Top of RECORDED DATA

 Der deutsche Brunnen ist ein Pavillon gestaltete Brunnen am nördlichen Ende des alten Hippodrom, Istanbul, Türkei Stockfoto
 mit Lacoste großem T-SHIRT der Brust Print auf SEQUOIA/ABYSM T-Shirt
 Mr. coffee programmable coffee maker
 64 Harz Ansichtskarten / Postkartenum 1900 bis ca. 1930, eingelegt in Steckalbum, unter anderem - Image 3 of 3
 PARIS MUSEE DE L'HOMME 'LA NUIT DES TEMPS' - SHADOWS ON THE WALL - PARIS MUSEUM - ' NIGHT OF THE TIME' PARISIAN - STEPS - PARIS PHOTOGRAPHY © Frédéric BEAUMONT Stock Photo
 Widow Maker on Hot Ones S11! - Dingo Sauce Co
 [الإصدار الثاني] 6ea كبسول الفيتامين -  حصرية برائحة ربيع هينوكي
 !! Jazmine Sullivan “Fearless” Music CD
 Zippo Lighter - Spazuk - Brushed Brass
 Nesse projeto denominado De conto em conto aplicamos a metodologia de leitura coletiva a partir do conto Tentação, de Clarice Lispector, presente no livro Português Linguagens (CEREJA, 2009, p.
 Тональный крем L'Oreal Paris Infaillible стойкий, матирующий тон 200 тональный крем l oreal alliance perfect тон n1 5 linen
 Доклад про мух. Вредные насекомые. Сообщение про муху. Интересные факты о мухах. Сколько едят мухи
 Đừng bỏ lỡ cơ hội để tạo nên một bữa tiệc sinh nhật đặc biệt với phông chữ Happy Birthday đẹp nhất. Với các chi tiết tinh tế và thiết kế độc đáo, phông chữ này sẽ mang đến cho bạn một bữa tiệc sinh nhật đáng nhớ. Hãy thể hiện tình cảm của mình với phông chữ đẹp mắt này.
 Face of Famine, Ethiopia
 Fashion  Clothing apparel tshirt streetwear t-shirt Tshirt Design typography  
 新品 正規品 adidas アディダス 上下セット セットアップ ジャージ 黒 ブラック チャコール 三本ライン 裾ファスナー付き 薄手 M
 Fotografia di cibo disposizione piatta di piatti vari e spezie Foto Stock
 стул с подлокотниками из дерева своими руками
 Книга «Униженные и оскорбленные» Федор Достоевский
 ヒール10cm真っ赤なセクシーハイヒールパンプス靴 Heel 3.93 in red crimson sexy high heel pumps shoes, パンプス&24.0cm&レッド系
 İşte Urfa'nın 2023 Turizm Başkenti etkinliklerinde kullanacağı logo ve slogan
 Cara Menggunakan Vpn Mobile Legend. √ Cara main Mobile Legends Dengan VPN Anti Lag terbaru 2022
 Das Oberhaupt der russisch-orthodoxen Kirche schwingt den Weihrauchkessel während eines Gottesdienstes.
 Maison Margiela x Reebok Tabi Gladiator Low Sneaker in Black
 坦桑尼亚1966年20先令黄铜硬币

Bottom of RECORDED DATA

[ACTIVITY]: All of the records should be transcribed exactly, with nothing left out.

[EXERCISE ANSWER]:
 Der deutsche Brunnen ist ein Pavillon gestaltete Brunnen am nördlichen Ende des alten Hippodrom, Istanbul, Türkei Stockfoto
 mit Lacoste großem T-SHIRT der Brust Print auf SEQUOIA/ABYSM T-Shirt
 Mr. coffee programmable coffee maker
 64 Harz Ansichtskarten / Postkartenum 1900 bis ca. 1930, eingelegt in Steckalbum, unter anderem - Image 3 of 3
 PARIS MUSEE DE L'HOMME 'LA NUIT DES TEMPS' - SHADOWS ON THE WALL - PARIS MUSEUM - ' NIGHT OF THE TIME' PARISIAN - STEPS - PARIS PHOTOGRAPHY © Frédéric BEAUMONT Stock Photo
 Widow Maker on Hot Ones S11! - Dingo Sauce Co
 [الإصدار الثاني] 6ea كبسول الفيتامين -  حصرية برائحة ربيع هينوكي
 !! Jazmine Sullivan “Fearless” Music CD
 Zippo Lighter - Spazuk - Brushed Brass
 Nesse projeto denominado De conto em conto aplicamos a metodologia de leitura coletiva a partir do conto Tentação, de Clarice Lispector, presente no livro Português Linguagens (CEREJA, 2009, p.
 Тональный крем L'Oreal Paris Infaillible стойкий, матирующий тон 200 тональный крем l oreal alliance perfect тон n1 5 linen
 Доклад про мух. Вредные насекомые. Сообщение про муху. Интересные факты о мухах. Сколько едят мухи
 Đừng bỏ lỡ cơ hội để tạo nên một bữa tiệc sinh nhật đặc biệt với phông chữ Happy Birthday đẹp nhất. Với các chi tiết tinh tế và thiết kế độc đáo, phông chữ này sẽ mang đến cho bạn một bữa tiệc sinh nhật đáng nhớ. Hãy thể hiện tình cảm của mình với phông chữ đẹp mắt này.
 Face of Famine, Ethiopia
 Fashion  Clothing apparel tshirt streetwear t-shirt Tshirt Design typography  
 新品 正規品 adidas アディダス 上下セット セットアップ ジャージ 黒 ブラック チャコール 三本ライン 裾ファスナー付き 薄手 M
 Fotografia di cibo disposizione piatta di piatti vari e spezie Foto Stock
 стул с подлокотниками из дерева своими руками
 Книга «Униженные и оскорбленные» Федор Достоевский
 ヒール10cm真っ赤なセクシーハイヒールパンプス靴 Heel 3.93 in red crimson sexy high heel pumps shoes, パンプス&24.0cm&レッド系
 İşte Urfa'nın 2023 Turizm Başkenti etkinliklerinde kullanacağı logo ve slogan
 Cara Menggunakan Vpn Mobile Legend. √ Cara main Mobile Legends Dengan VPN Anti Lag terbaru 2022
 Das Oberhaupt der russisch-orthodoxen Kirche schwingt den Weihrauchkessel während eines Gottesdienstes.
 Maison Margiela x Reebok Tabi Gladiator Low Sneaker in Black
 坦桑尼亚1966年20先令黄铜硬币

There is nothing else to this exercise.